Graceful shutdown of individual nodes.

Hi folks,

I have been wondering if anyone have been trying to make a “graceful shutdown” of nodes in a Percona xtradb cluster.

To explain my problem.
I have installed a cluser (Percona XtraDB Cluster 5.6) more or less identical to the example in the PXC documentation; three node cluster (let’s call them node A, B,C) and a HA proxy server as a load balancer. HA Proxy is polling the three nodes on port 9200 (the clustercheck script also mentioned in the documentation). It works just smooth, but I miss a way to shut down nodes graceful one at a time. I know I can shut down the mysql service on a node, but this will interrupt the clients in their current actions. I know it shouldn’t be a problem to the database and the data integrity, and this is mentioned as a graceful shutdown in the documentation (chapter 4.4), but I don’t think this is the nicest way to shut down a node. From the servers point of view it is fine, but from the clients point of view it is not exactly graceful.

I figured if I stop the service on port 9200 on one node (I.E. Node A) HA proxy will see node A as down and will not try to make any new connections to this node. But all current MySQL connections to Node A will remain active. This allows the clients to finish whatever they are doing, disconnect and next time they connect the will connect to node B or C. I find this very useful for planned maintenance. When all the connections on node A is gone I can stop the MySQL service, do whatever I need to do and start MySQL and the clustercheck service, and move on to the next node.

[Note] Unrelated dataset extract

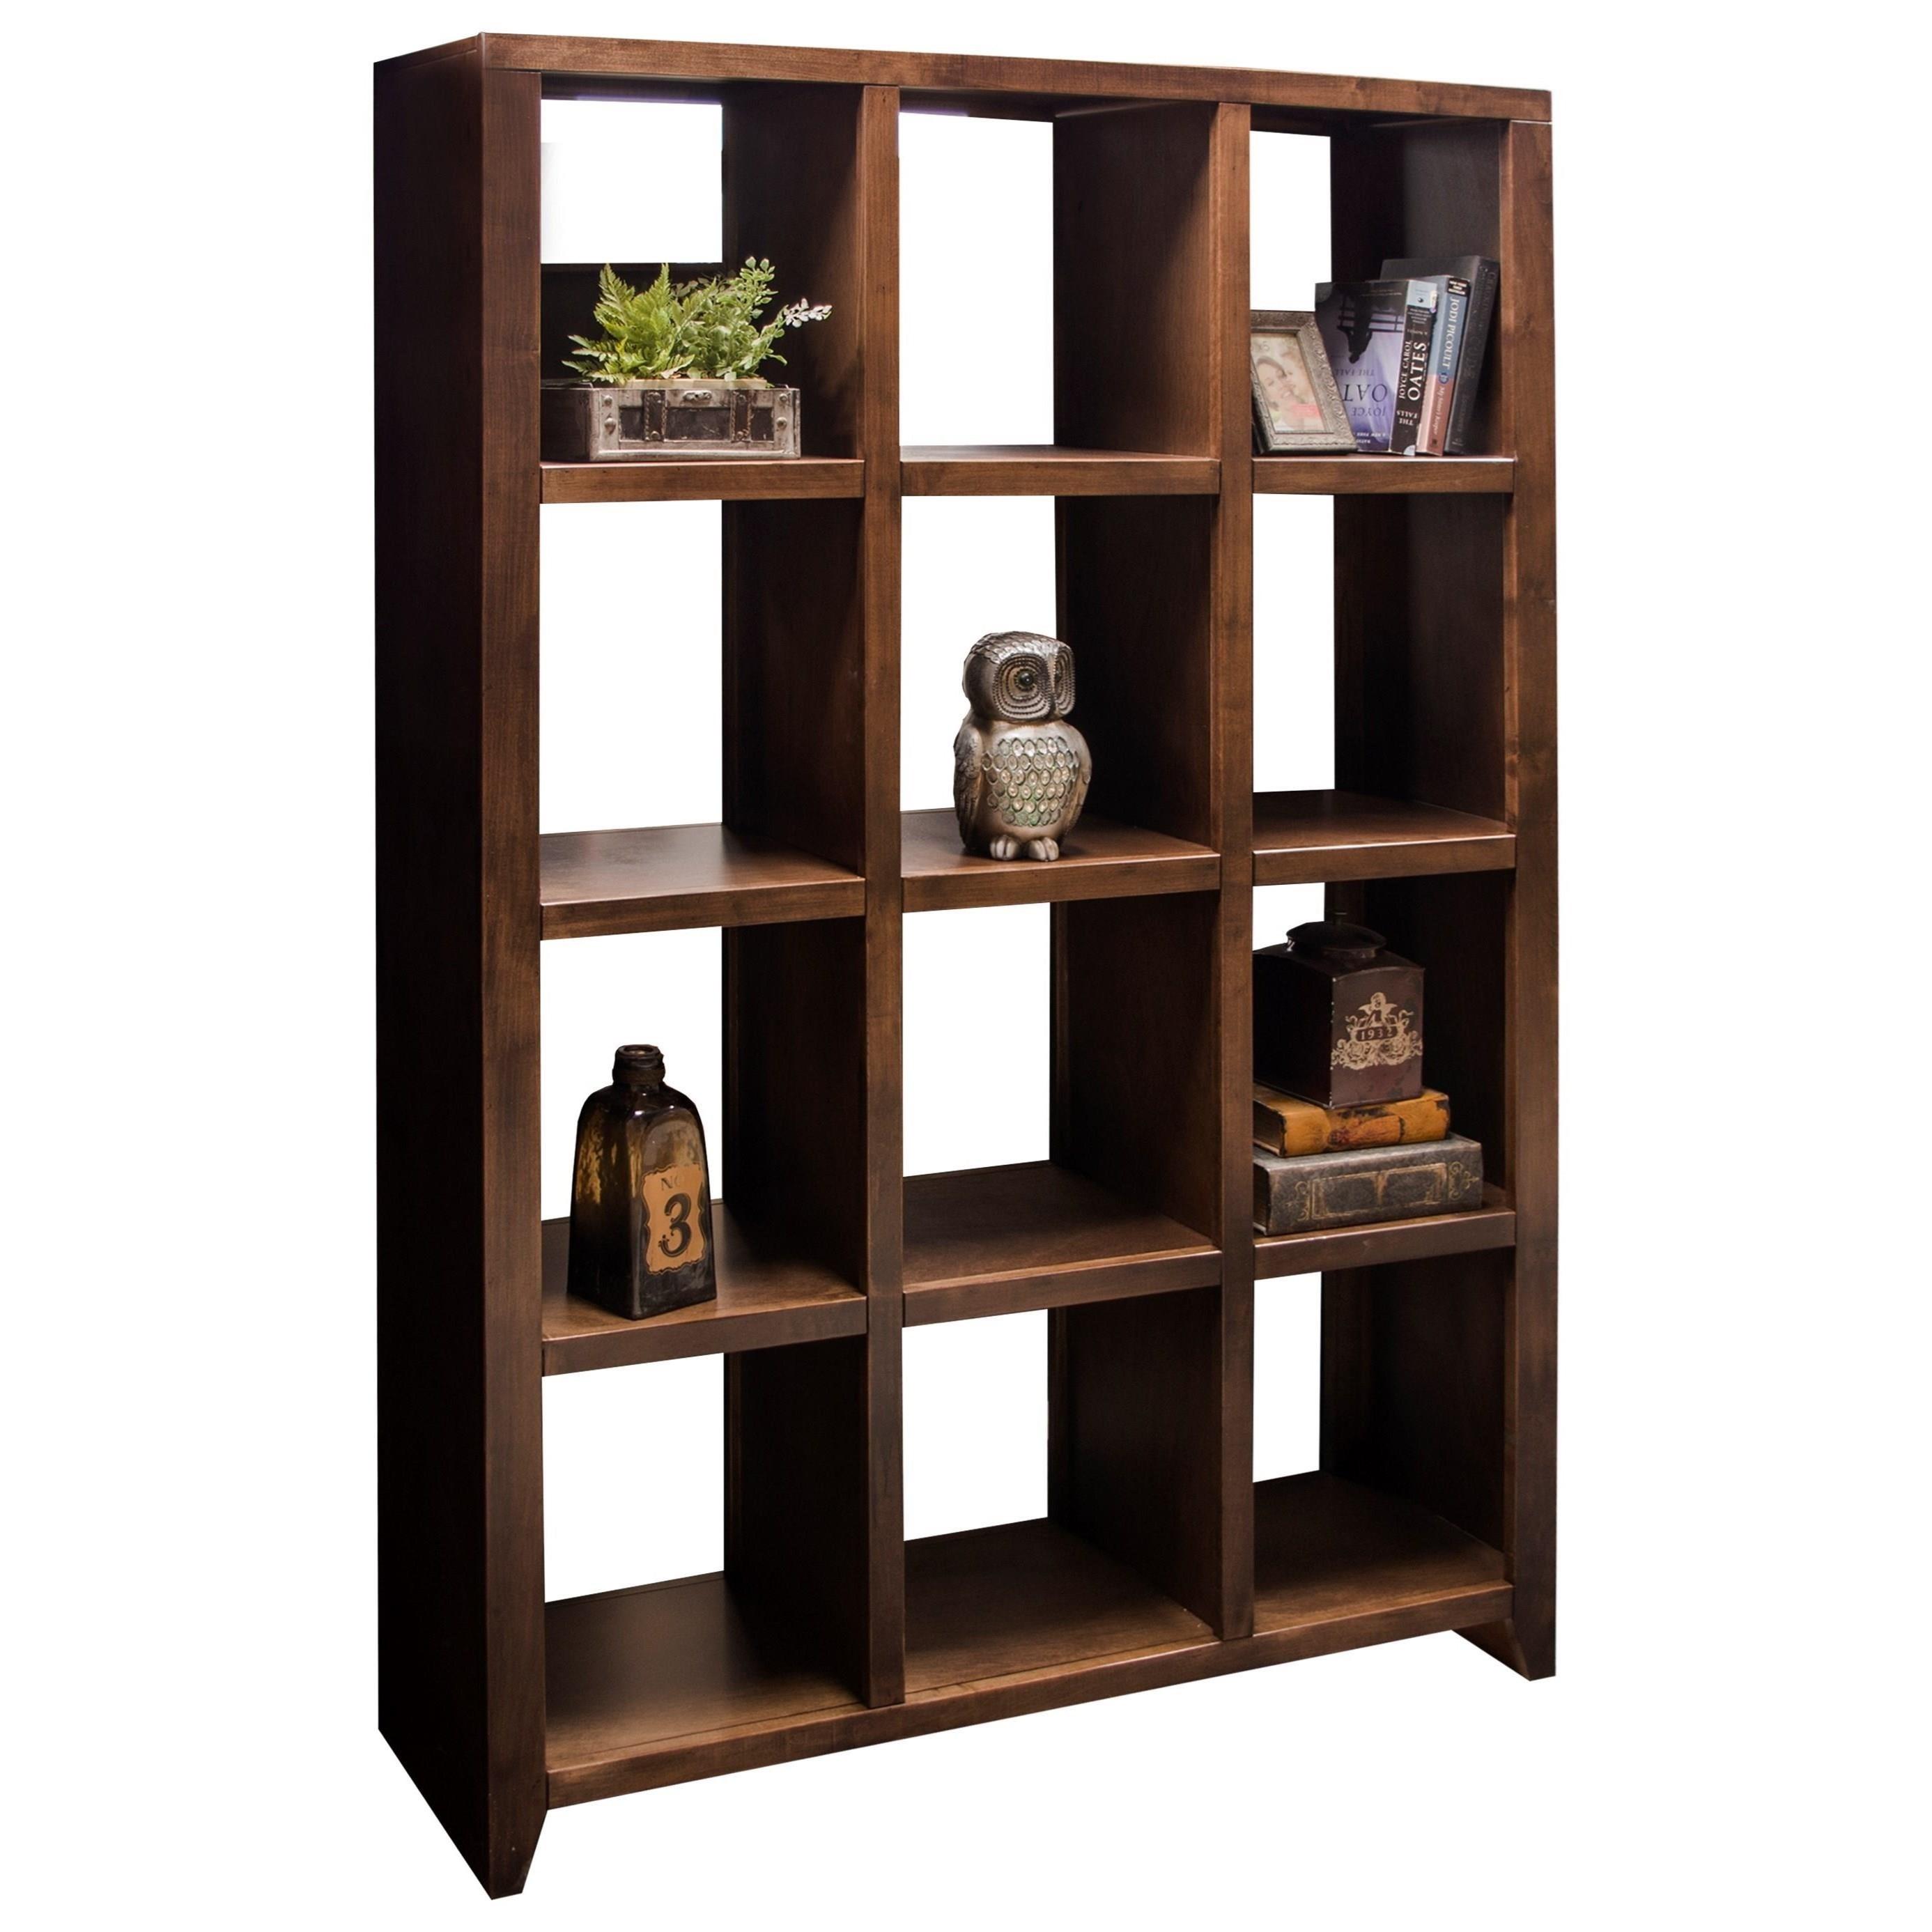 Legends furniture brownstone collection brownstone room - Open bookcase room divider ...
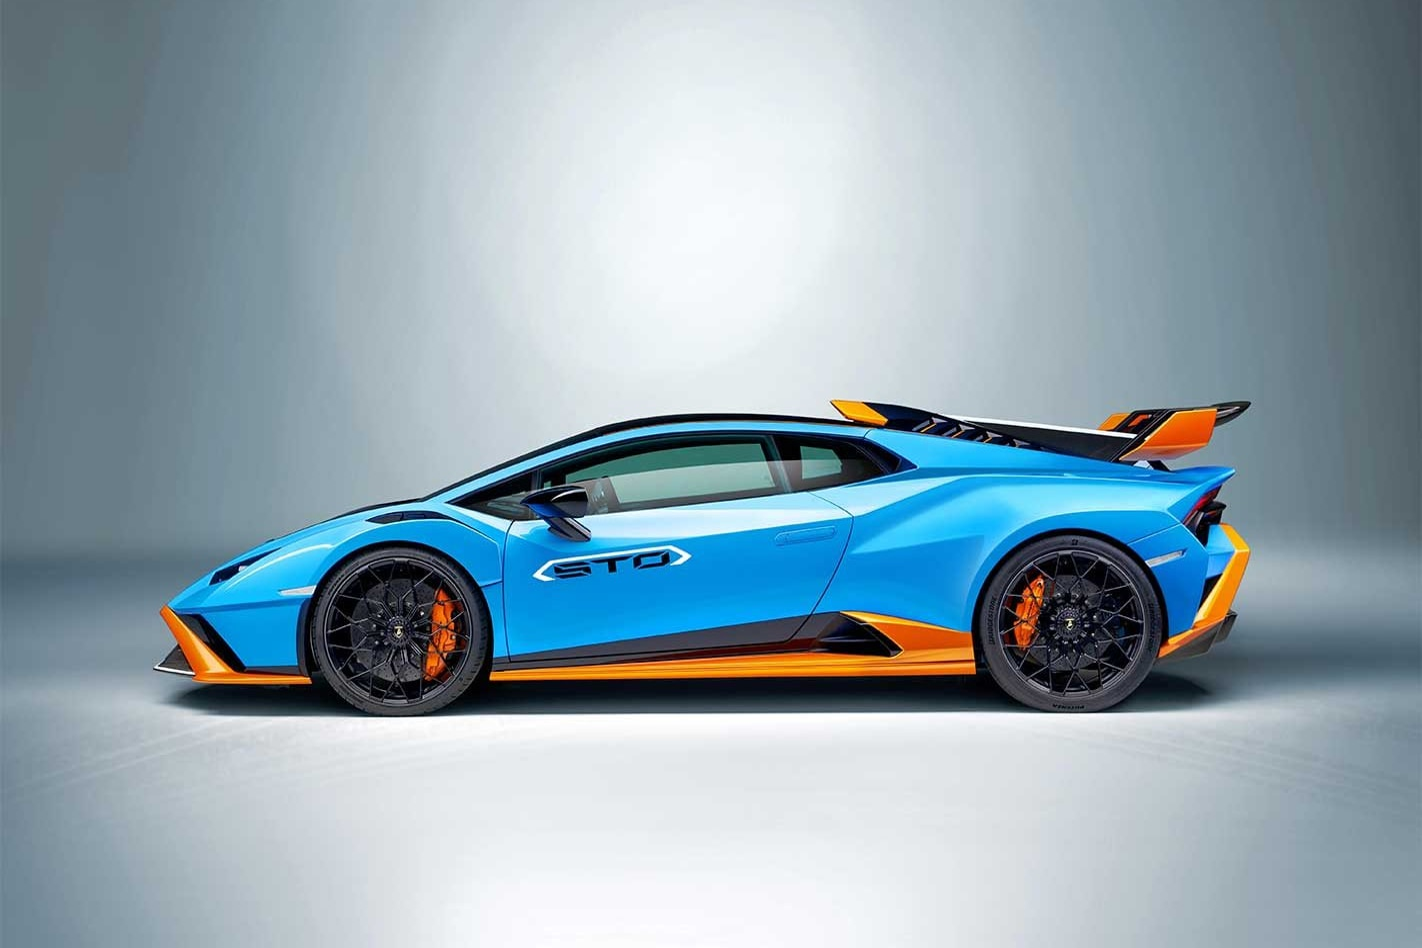 The new Lamborghini Huracan STO supercar

But I’m facing little problem. A lot of the clients connecting to my cluster is services running continuously and they have a persistent connection to the database. So even if I stop the clustercheck service on a node, the connections from these services will never disconnect.

Since most of these services is inhouse developed, it is fairly simple to change the code regarding connections to the cluster.

My suggestion would be to instruct the developers to make all services disconnect and reconnect if a connection is open for more than one hour.

But before I do so, I would like to hear if some of you have experienced the same problem, and if you have found another workaround to this matter.

Best Regards,
Lenny Andersen
A happy PXC DBA! :slight_smile:

Hi Lenny,

Very good point, HAProxy does not check each node if still operational on every new request, that would be overkill and too slow. So if you stop a node, indeed some connections may hit the black hole before HAProxy notices it down.
Stopping healthcheck service before taking the node down for maintenance surely is one way to do it, however HAProxy offers you an interactive management possibility via socket interface, where you can take servers or whole backends down for maint. See some details here:
[url]http://haproxy.tech-notes.net/9-2-unix-socket-commands/[/url]

And too long connections may be certainly a problem. IMHO the application should be able to handle broken ones by itself and perform reconnect tries if needed.